Task goal =>
Please print, exactly, only the lines in the entries below from the line that has "UCLA Seal Bruins Felt Pennant" through the line that has "Мусорный бак с". Pictures don't go in.

Data for the task =>
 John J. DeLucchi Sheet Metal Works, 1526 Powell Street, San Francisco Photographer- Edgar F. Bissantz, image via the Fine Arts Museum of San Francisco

---

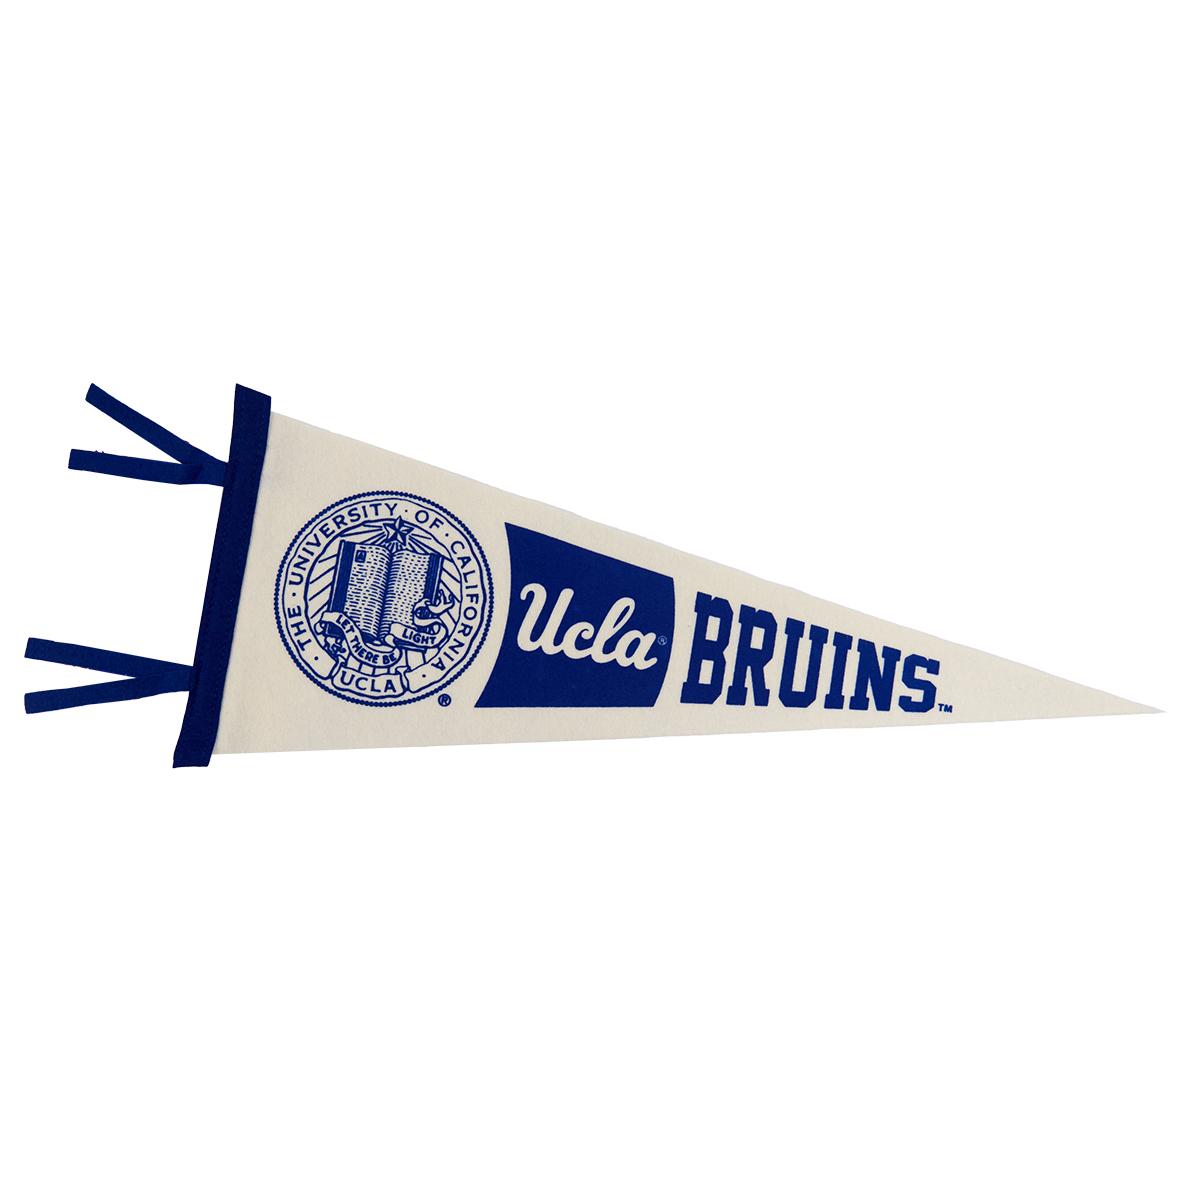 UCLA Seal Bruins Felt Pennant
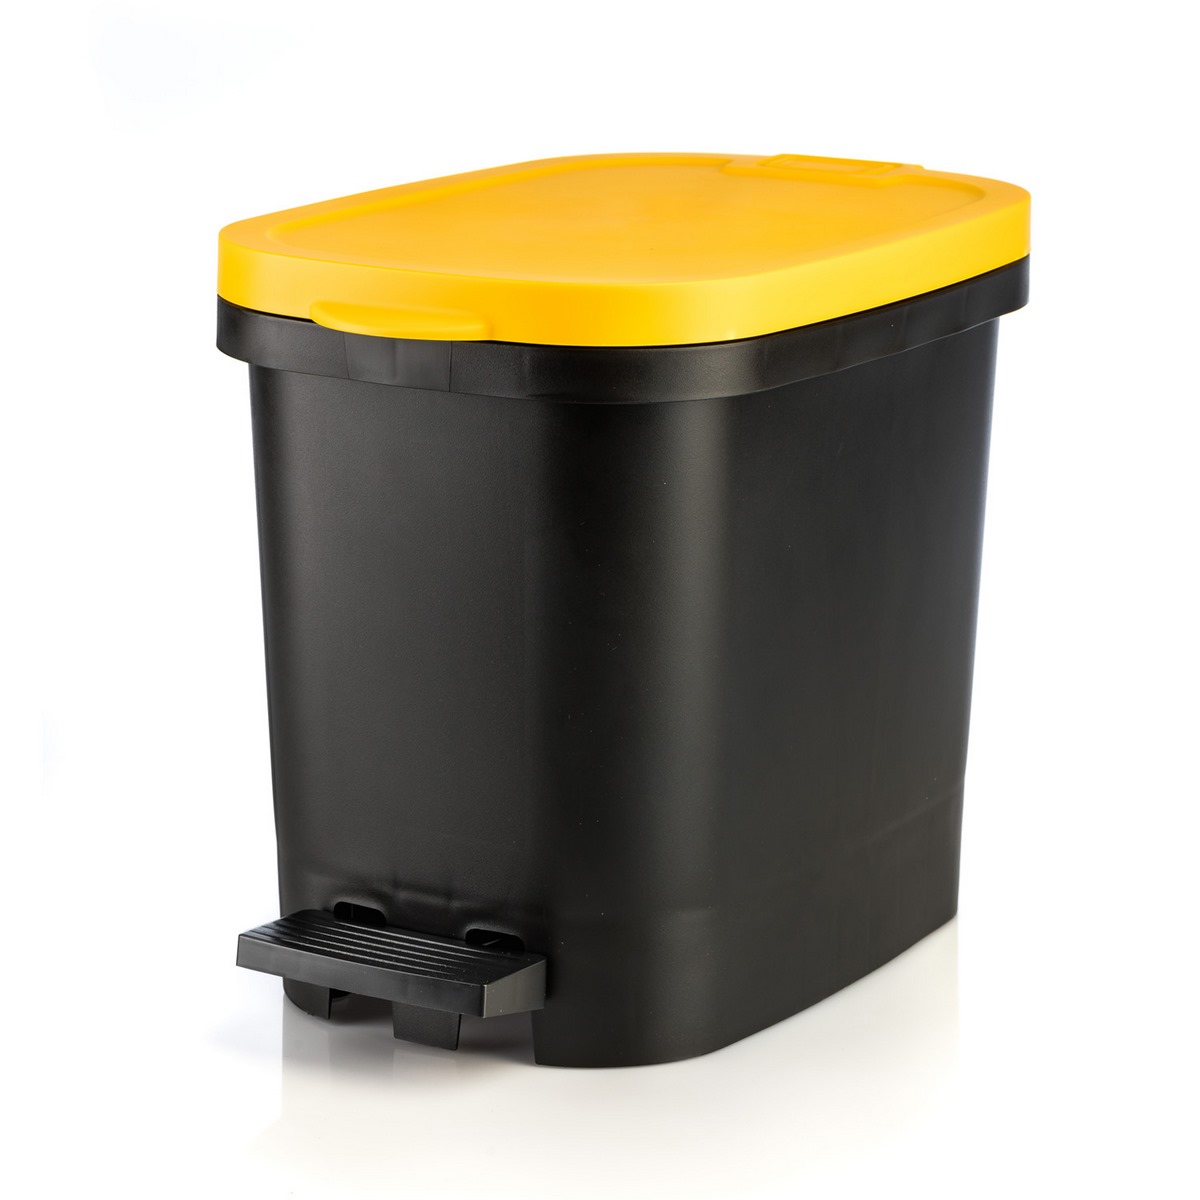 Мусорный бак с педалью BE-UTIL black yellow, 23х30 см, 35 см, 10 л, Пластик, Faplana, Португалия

...

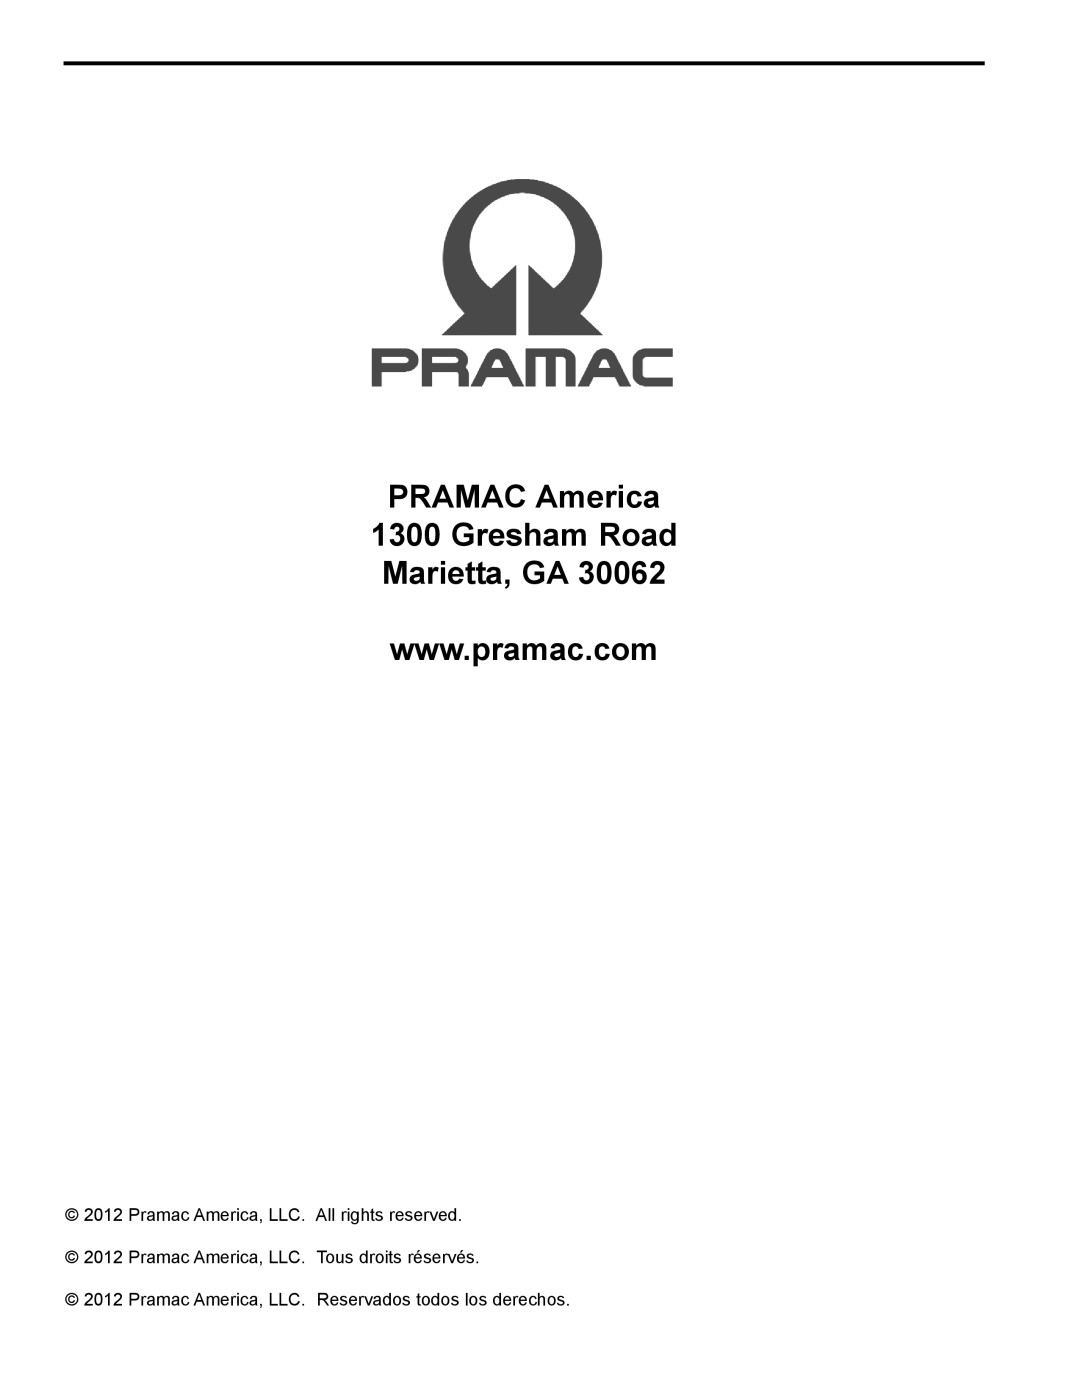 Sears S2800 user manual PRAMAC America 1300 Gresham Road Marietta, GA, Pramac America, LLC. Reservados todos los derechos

Result of the exercise =>
 UCLA Seal Bruins Felt Pennant
 Мусорный бак с педалью BE-UTIL black yellow, 23х30 см, 35 см, 10 л, Пластик, Faplana, Португалия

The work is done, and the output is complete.